Here Preene, who was travelling with Marston, managed to alight and take a full bag of gold from Brooks, then he slipped it into the carriage where Marston was, and got back again in time to jump into the guard’s van as the train started.
Directly the train was in motion again the other boxes were attacked, and now Brooks, Preene, and Heckett filled their carpet bags with gold, and also large courier bags which they wore across their shoulders, and which were quite concealed by their heavy travelling cloaks.
When the train stopped at Folkestone the work was done. The boxes had been reclosed and filled with shot of the exact weight of the abstracted gold, the safes were relocked, and there was nothing to tell that the guard’s van had been the scene of a daring and gigantic robbery. At Folkestone the three accomplices slipped out of the van and entered the nearest carriages, carrying their spoil with them, its great weight, however, rendering it anything but an easy task.
Here the safes were carefully taken out and handed to the authorities for shipment to Boulogne, and the train sped on its way to Dover.

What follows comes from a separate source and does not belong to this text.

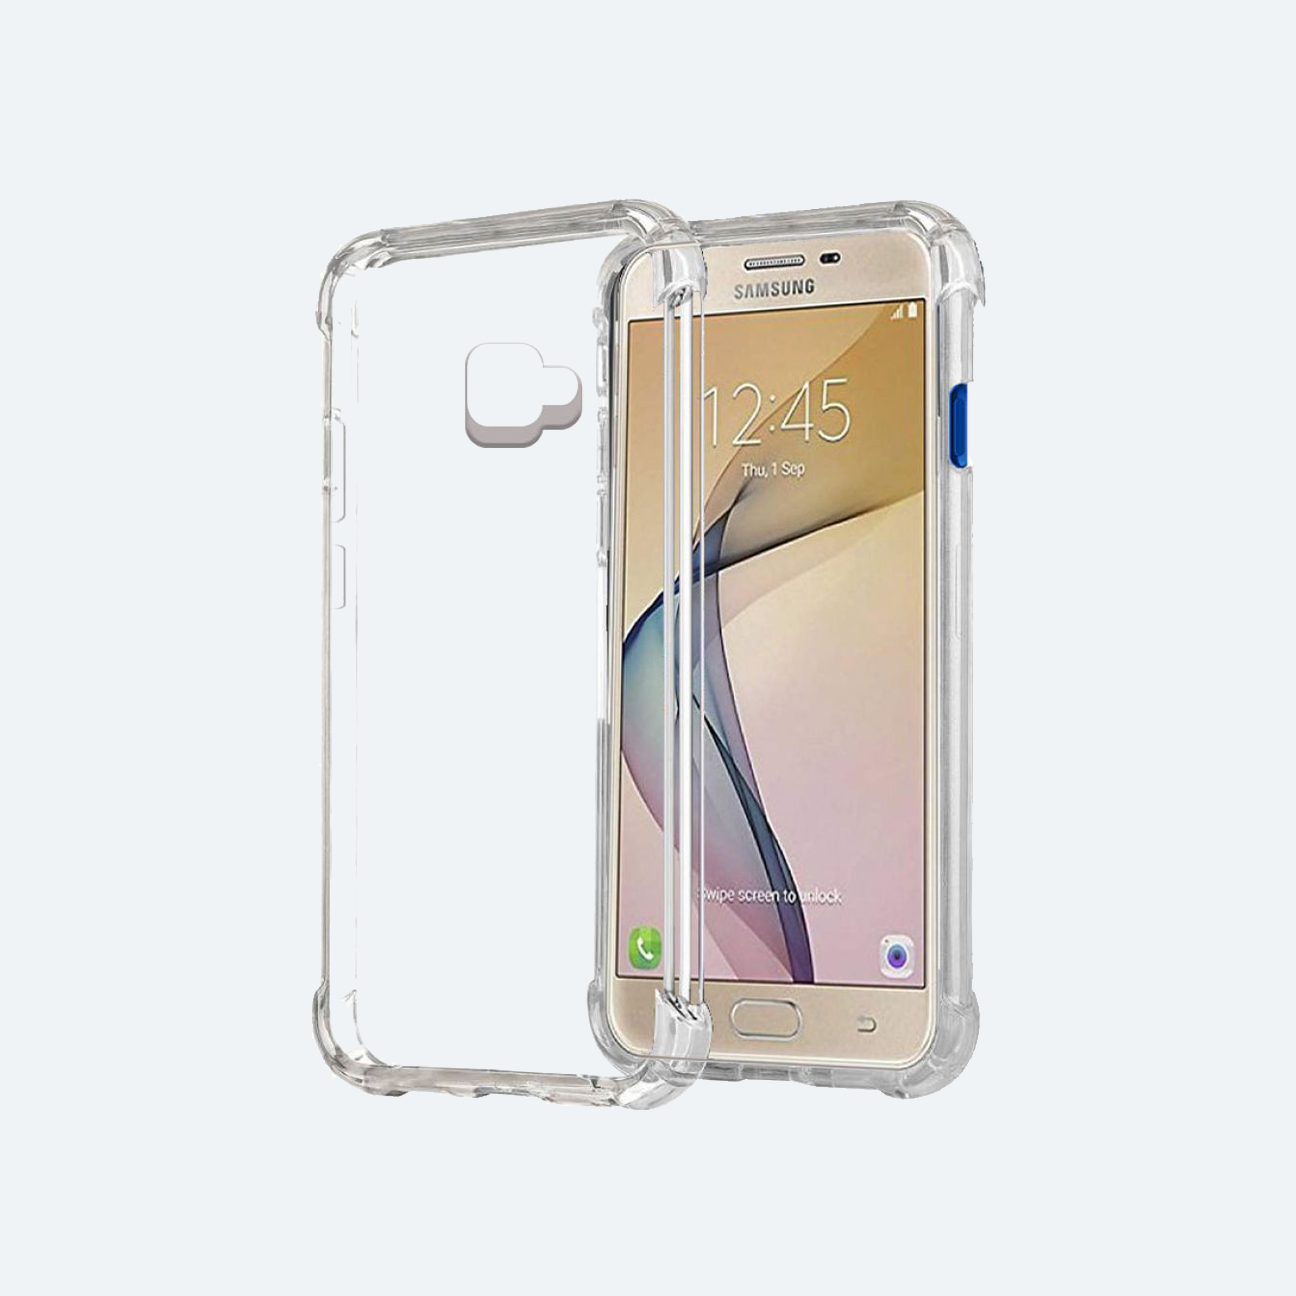 Samsung Galaxy J7 Prime 2 Transparent Back Cover

It was with intense relief that Marston put his head out of window as the train rattled out of Folkestone station, and saw the safes on the platform, zealously guarded by the porters, who little imagined that they were keeping watch over a quantity of shot while the gold was divided among four first-class passengers comfortably seated in the fast-vanishing train.
At Dover the conspirators alighted, each carrying his own bag, and politely declining the offers of the porters, who were anxious to assist them.
Making their way to one of the hotels in the neighbourhood they succeeded in getting refreshments served in a private room, and here, putting their heavy bags under the table, they discussed the return journey.
To avoid the suspicion which such a short stay might have aroused, they had provided themselves with return tickets from Ostend, and it was by the Ostend mail, which leaves Dover shortly after two, that they proposed to return to town with their precious burden.
Paying their bill they got outside. There was an uneasy feeling on them all the time they were within four walls. Even the fact that the waiter remained out of the room some time before he returned with the change filled them with alarm.
They had every hope that the weight had been so accurately replaced that the exchange of shot for precious metal would not be discovered until the safes were opened in Paris, but there was the chance that something might have happened at Folkestone before they were shipped.